From 1a3d205faf9e7f7cd0be2af751ed0050e558e61e Mon Sep 17 00:00:00 2001
From: Yu-Ju Hong <yjhong@google.com>
Date: Fri, 26 Feb 2016 14:26:58 -0800
Subject: [PATCH] kubelet: stop probing if liveness check fails

This change puts the worker on hold when the liveness check fails.
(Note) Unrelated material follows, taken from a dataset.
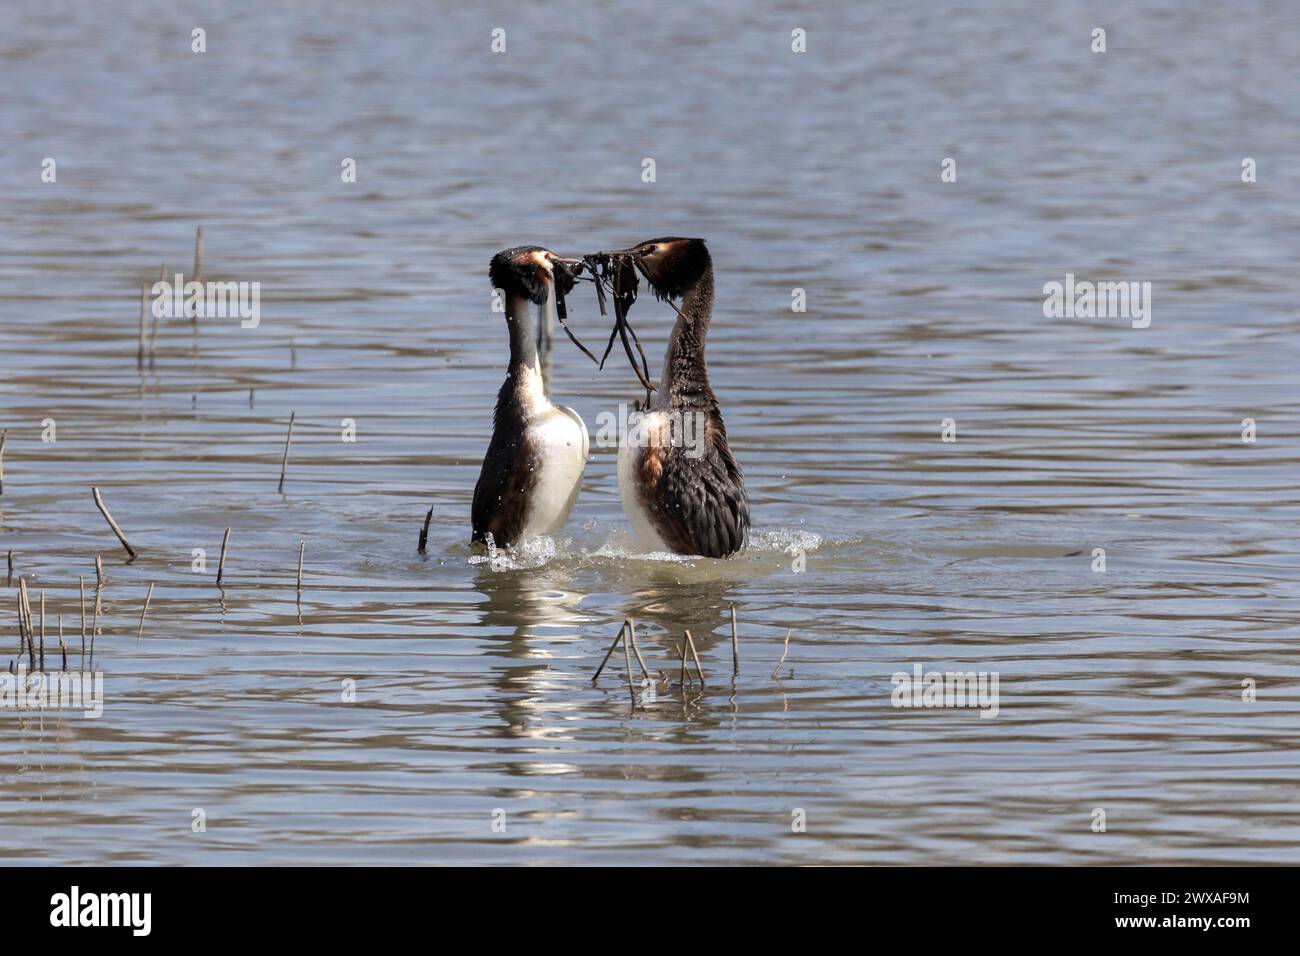 A couple of great grebes swim on the lake Stock Photo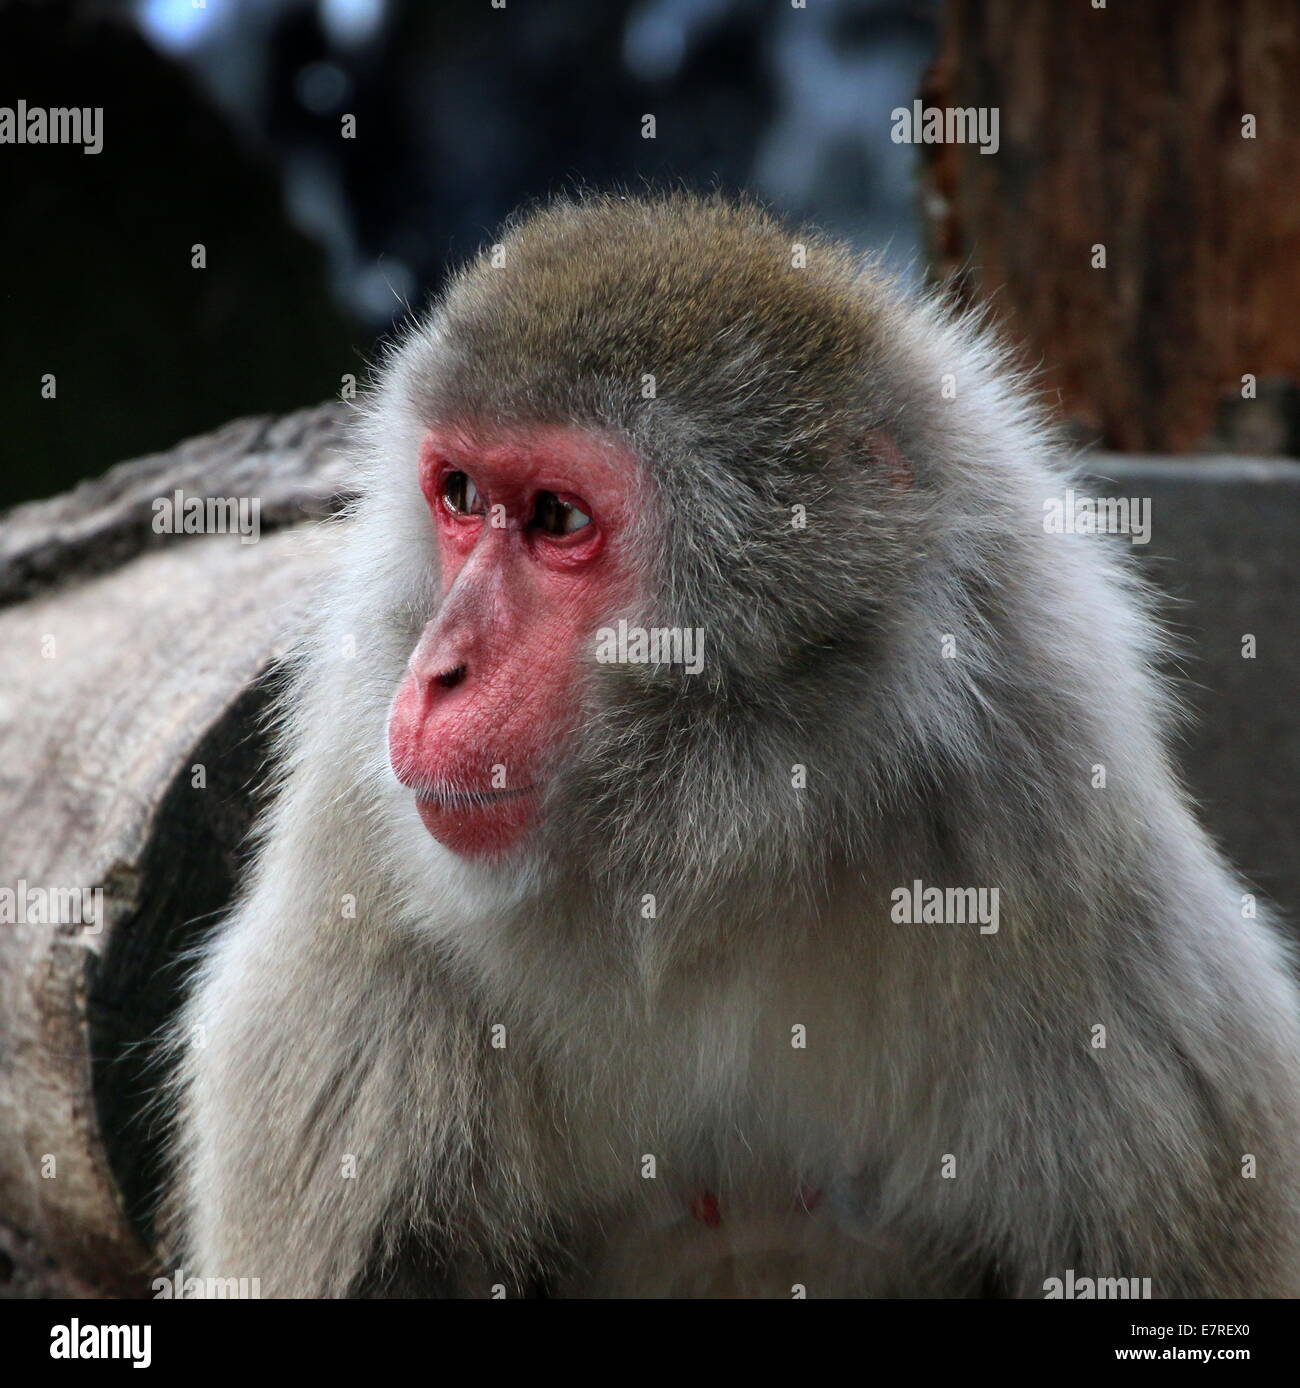 Japanese macaque or Snow monkey (Macaca fuscata) close-up of the head Taken in Artis Zoo, Amsterdam Stock Photo

It will
resume probing when observing a new container ID.
---
 pkg/kubelet/prober/worker.go      | 18 +++++++++++++++
 pkg/kubelet/prober/worker_test.go | 37 ++++++++++++++++++++++++++++++-
 2 files changed, 54 insertions(+), 1 deletion(-)

diff --git a/pkg/kubelet/prober/worker.go b/pkg/kubelet/prober/worker.go
index 3a760541414..5067dd5474f 100644
--- a/pkg/kubelet/prober/worker.go
+++ b/pkg/kubelet/prober/worker.go
@@ -61,6 +61,9 @@ type worker struct {
 	lastResult results.Result
 	// How many times in a row the probe has returned the same result.
 	resultRun int
+
+	// If set, skip probing.
+	onHold bool
 }
 
 // Creates and starts a new probe worker.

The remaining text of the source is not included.